AUD/USD
Commodity Prices - Nothing But Upside: Barring the steady price action of crude oil on the session, base metal prices continued on their upward path as gold contracts broke through 18-year highs to approach even closer to the ever psychological $500 resistance level. Additionally, copper prices continued in line with platinum contracts to multiyear highs. The anticipated increase in global demand of raw metals has fueled the resurgence of interest along with inflationary concerns. As a result, commodity bloc currencies like the Aussie have become the prime beneficiary of rising commodity prices.
Leading Indicators: Breaking through the recent consolidation, traders bid the U.S. currency leg lower against the Australian base in light of the leading economic indicators report. Rebounding from the previous decline, the October figure rose 0.9 percent. With hurricane disaster dampening last month's data, the current figure seems to be more reflective of the current conditions as consumer spending and confidence have risen in line with higher productivity figures. As a result, attention now lies with the upcoming release of the Federal Reserve's meeting minutes. Offering clues on the future direction of interest rates, traders will be scouring for mentions in regards to the possibility that inflation will be well contained going into the new year.

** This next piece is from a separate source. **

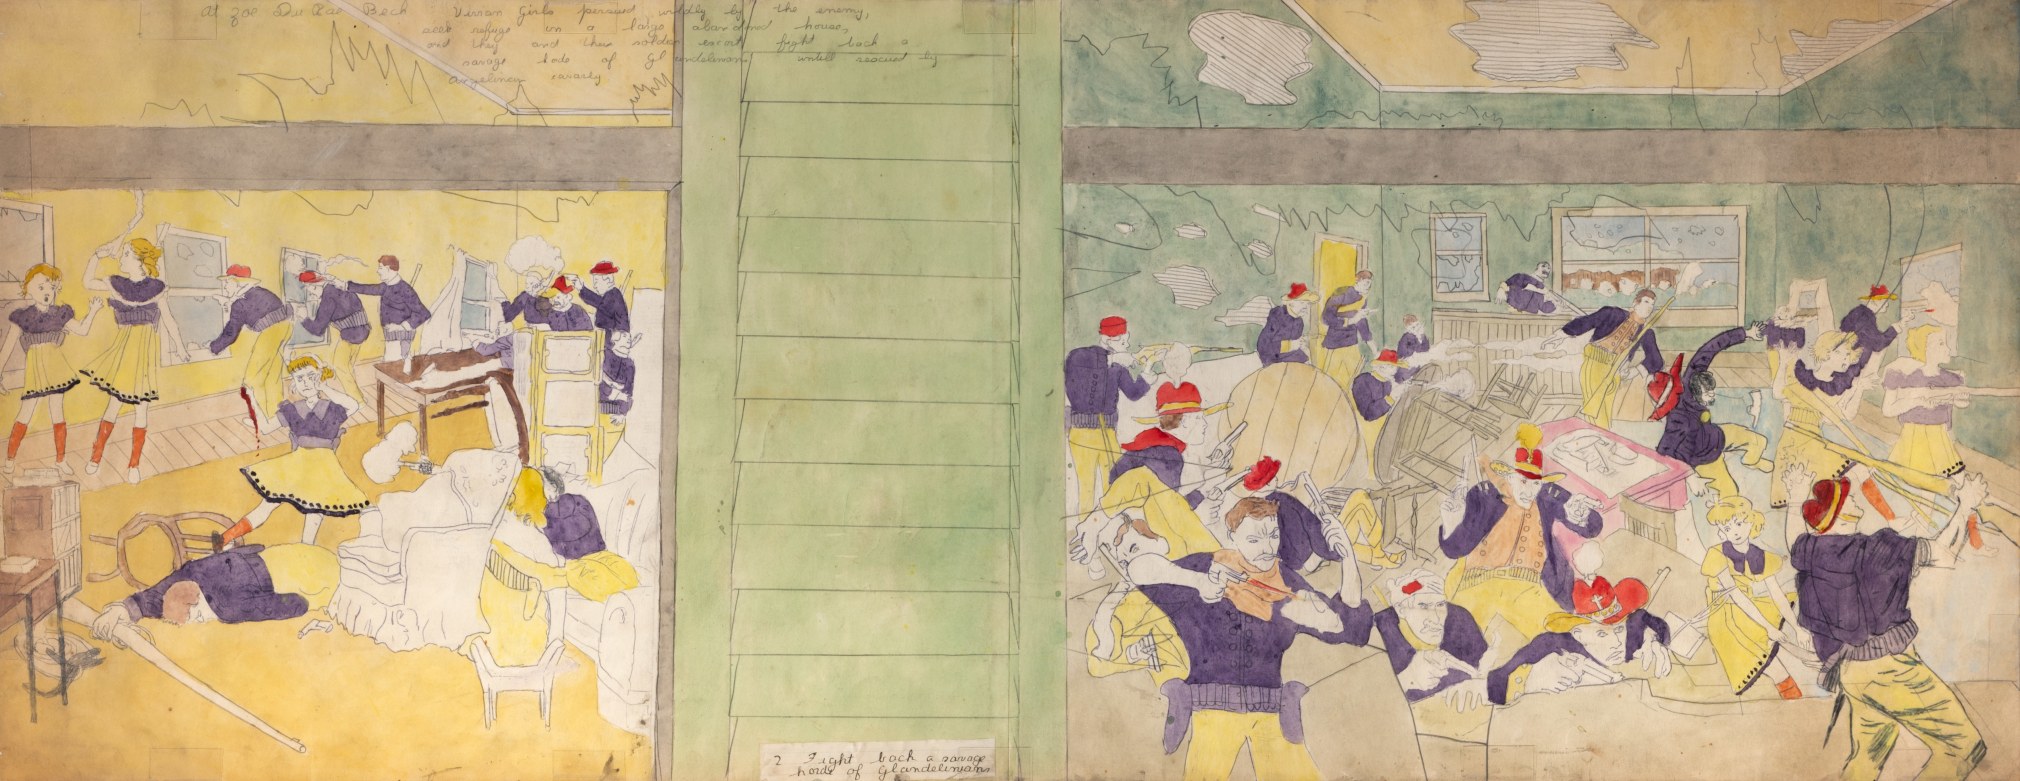 Henry Darger - Artists - Andrew Edlin Gallery

Technically Speaking: The Australian dollar made a strong push against the dollar in today's session before being cut short by a 38.2 fib at 0.7390/5 waiting in the wings. Another test at this resistance level will be met with dollar strength with a level at 0.7385 formed by a range high in the later half of 2004 and representing former support in July. Further north a confluence of a short term 50.0 fib and a longer term 23.6 fib at 0.7430/5 will present a larger level of resistance to trump. On the way down, support will come first from the rising trendline starting at the 13-month low at 0.7325. This relatively historical low at 0.7260 will be a major break for more dollar rallying.
EUR/AUD
More ECB Rhetoric: After Friday's momentum on interest rate confirmation, traders were slightly taken aback today as European Central Bank President Trichet stated with certainty that any near term interest rate hike should not be considered in a series hikes. Although most were not expecting such a scenario, it does bring to light the possibility that inflation may not be as pressing as earlier mentioned. Stating that rates needed to be "augmented" to fit price risks currently existent in the region, policy makers may now be issuing more rhetoric than application in order to boost near term interest in the single currency or regional investments. As a result, traders pared back previously long positions.
Thin Volume Trading: Thinner than normal volume hit the AUDUSD leg as stops were triggered above the 0.7350 price figure with an option barrier at 0.7375 being knocked out on the way higher to 0.7390. Additionally, with recent comments from the ECB President on near term interest rates, investor interest remains strong as the differential is considerably wide between the two economies.
Technically Speaking: A strong push for the Australian dollar moved has further carved out the range the single currency has formed against the euro. The 50.0 fib level at 1.5945/50, though not acting as an exact turning point for support, has acted as a relative support level for the past two months. The 61.8 fib further down at 1.5865/70 will be another level of indecision for the pair with a breach likely not ubstructed until a range support from a few months back at 1.5725/30 comes into veiw. A euro rally would move on the range high 1.6093 once again which has been capped by a long term 61.8 fib level a little higher at 1.6800.
USD/CAD
Disappointing Data: Retail sales in the world's eighth largest economy dipped as consumers, plagued by higher energy prices, reduced their purchases of automobiles. The headline figure dipped 0.9 percent on the month. As a result, barring the commodity driven buying today, earlier speculation had the currency pair in favor of the greenback as lower retail sales jeopardizes further near term rate hikes. Nonetheless, rising commodity prices, including a slight resurgence in crude oil demand as weather forecasts foresee snow in the Northeast, have buoyed the Canadian dollar as we eneter the Asian session.
Technically Speaking: A strong Canadian dollar break of the 38.2 fib of the month long dollar rally at 1.1850 brought into view a second fib level, this one the 50.0 of the same rally at 1.1805/10 which gave the next level of support. A break below 1.1800 would be needed to achieve a true loonie trend which would lead to an eventual move to 1.1715/1700 which has been a level of indecision before. If dollar bulls can take back control, the former support at 1.1850 would be near resistance with a falling trendline at 1.1895 being another level for loonie bids to mount a defense.
Richard Lee is a Currency Strategist at FXCM.